O desembargador explicou que, na qualidade de corregedor-geral de Justiça, havia revogado as 23 designações, em cumprimento ao disposto na Resolução 80/2009 do Conselho Nacional de Justiça (CNJ), que proibiu o nepotismo nas interinidades decorrentes das vacâncias de serventias ocupadas por nomeados sem concurso. Segundo o magistrado, as decisões proferidas em mandados de segurança impetrados no tribunal maranhense para manter os interinos pode gerar grave lesão à ordem pública, em razão das violações à Constituição Federal e ao poder de controle conferido ao CNJ, além de grave lesão à economia pública.

Suspensão

O presidente do STF verificou que o corregedor agiu dentro dos limites de suas atribuições e deu cumprimento a providências fixadas pelo CNJ ao revogar as designações dos substitutos mais antigos com vínculo de parentesco com o ex-titular para atuar interinamente nas serventias extrajudiciais. Segundo Toffoli, as decisões do TJ-MA afrontam diretamente a determinação do órgão de fiscalização e controle, e sua manutenção configuraria violação à ordem e à segurança públicas. “A jurisprudência do STF reconhece aos conselhos instituídos pela Emenda Constitucional (EC) 45/2004 a competência para promover a fiscalização dos atos administrativos dos tribunais a partir dos princípios constitucionais da administração pública, consagrados no artigo 37, caput, da Constituição Federal”, apontou.

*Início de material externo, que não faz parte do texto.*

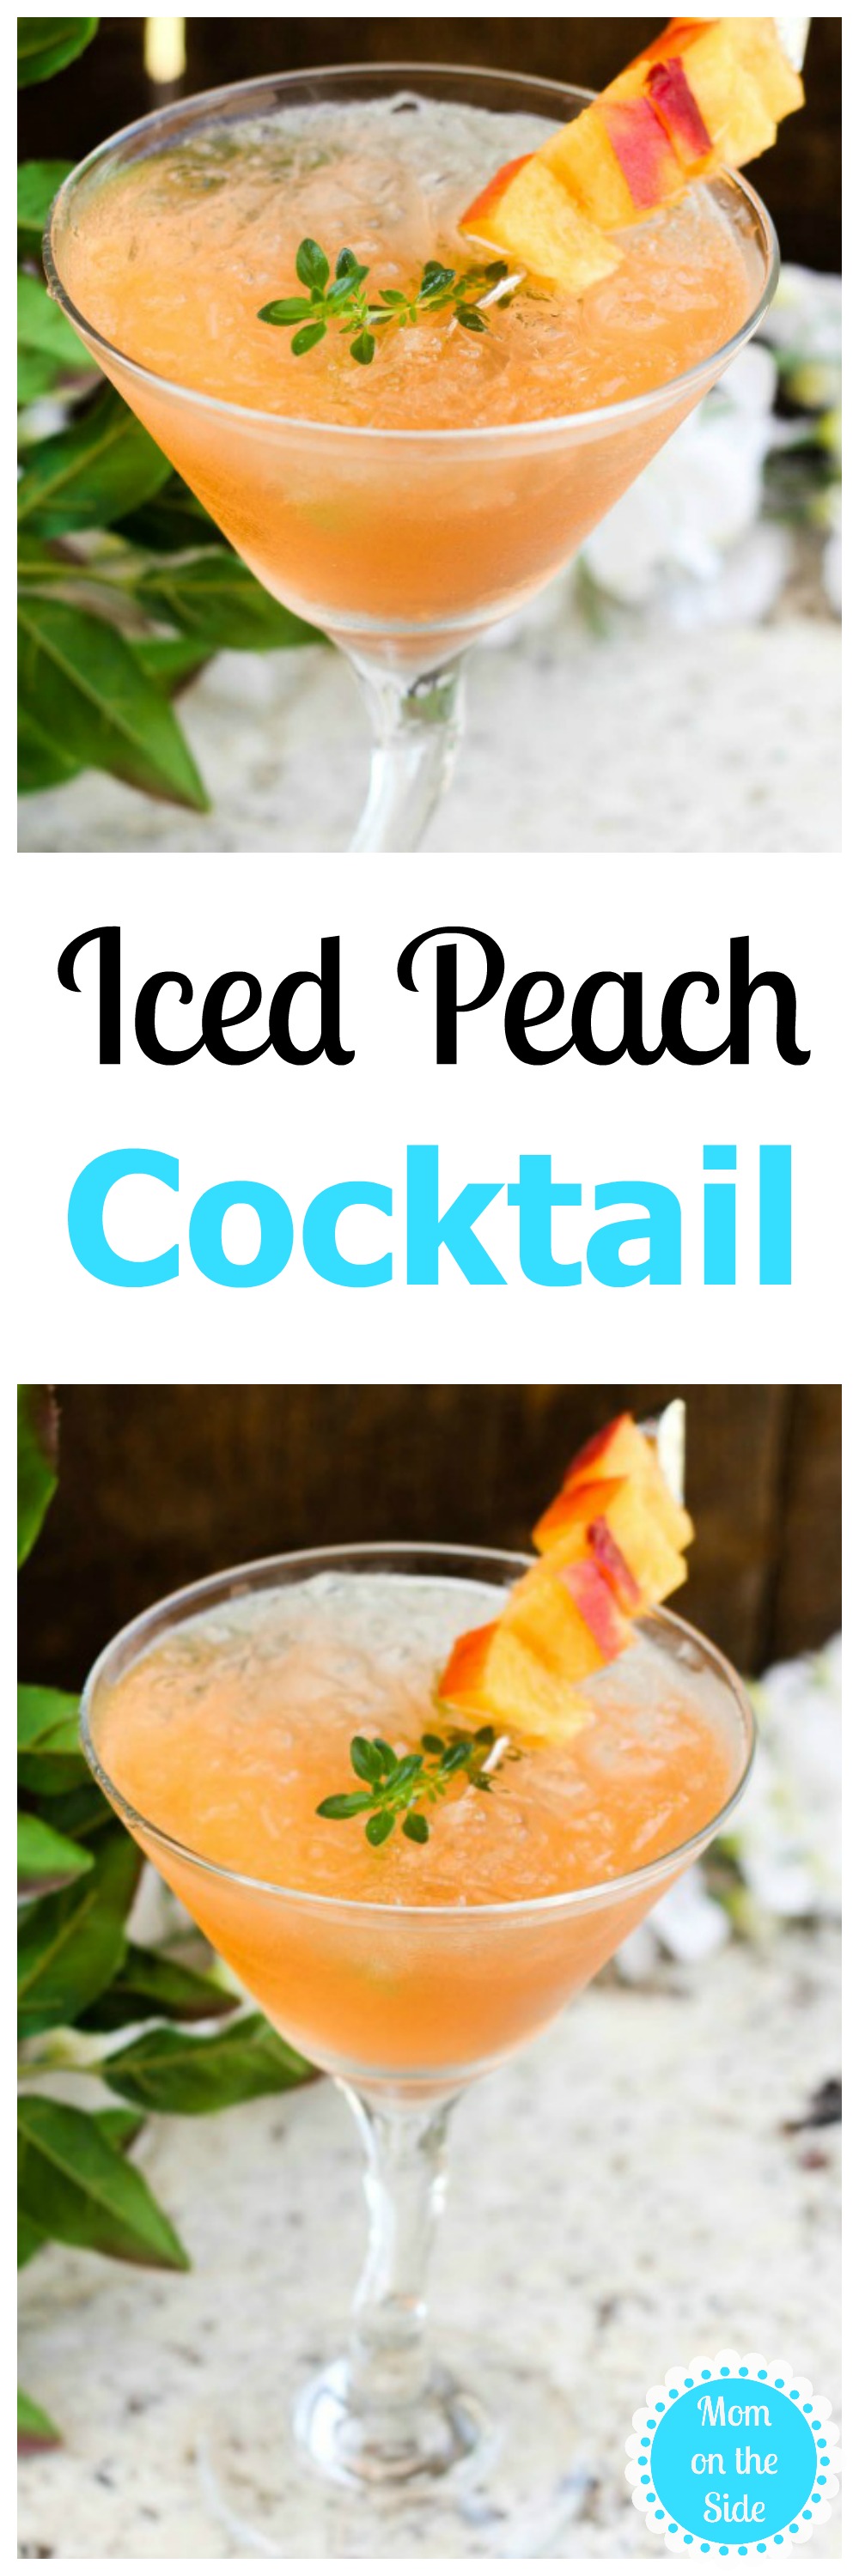 I'm ready for Thirsty Thursday and a delicious cocktail to remind me that I've got this. An Iced Peach Cocktail will do the trick and tastes like summer!
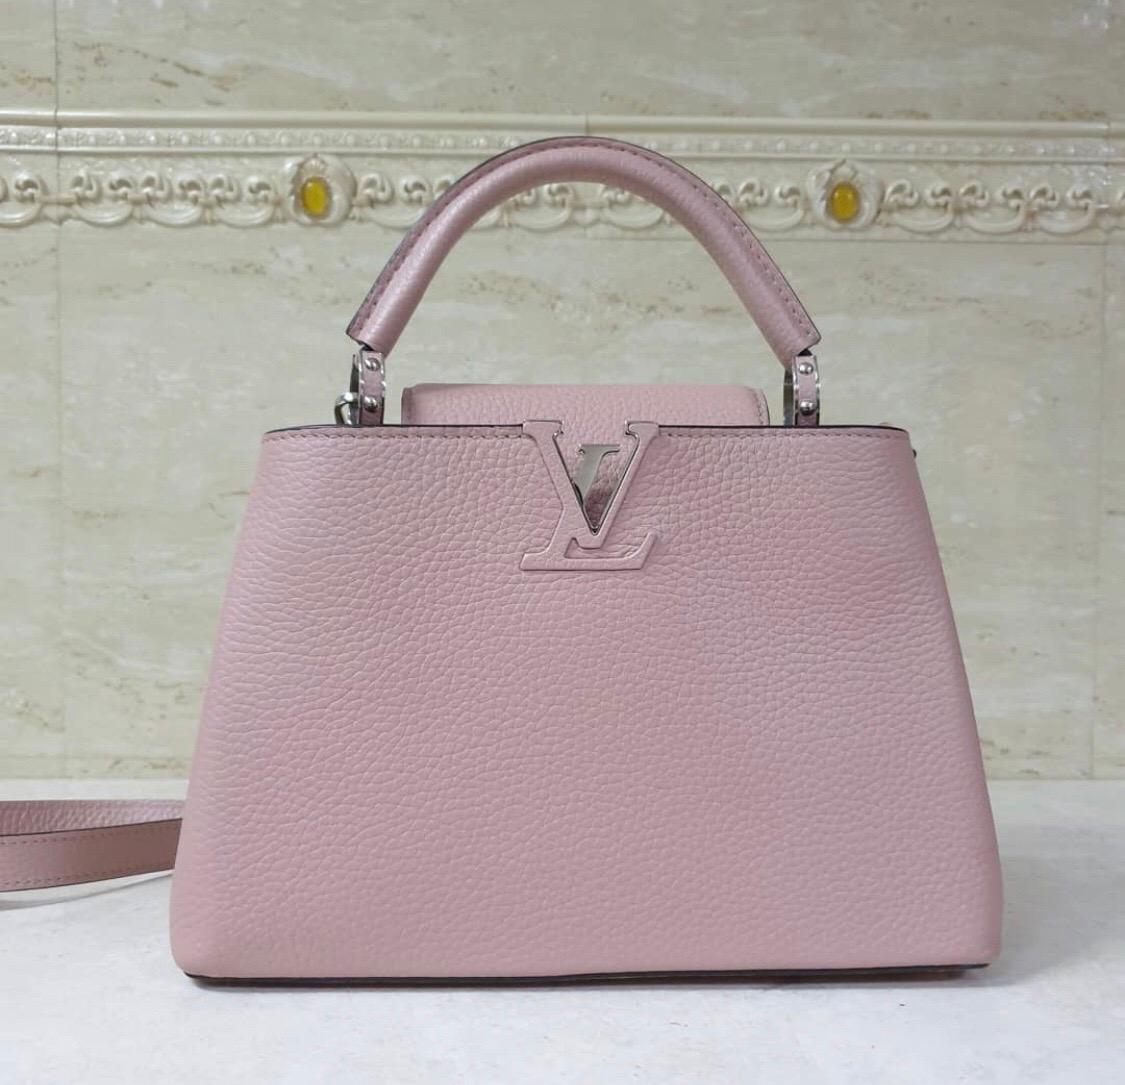 Named after the 'rue de Capucines' in Paris, where Louis Vuitton opened his first store in 1854, the Capucines BB bag is timeless and elegant. Paying homage to the history of superb craftsmanship that the house of Louis Vuitton is known for, the

Além disso, o ministro assinalou que o princípio da moralidade tem força normativa decorrente do próprio texto constitucional, cuja observância é obrigatória por todos os entes federativos e pelos agentes investidos em funções públicas. “A manutenção de interinos supostamente atingidos pelo nepotismo nas serventias pode comprometer o tênue equilíbrio da ordem pública imposta ao estado, bem como a segurança jurídica, por abarcar indicação de pessoas em desconformidade com o ordenamento jurídico constitucional”, concluiu.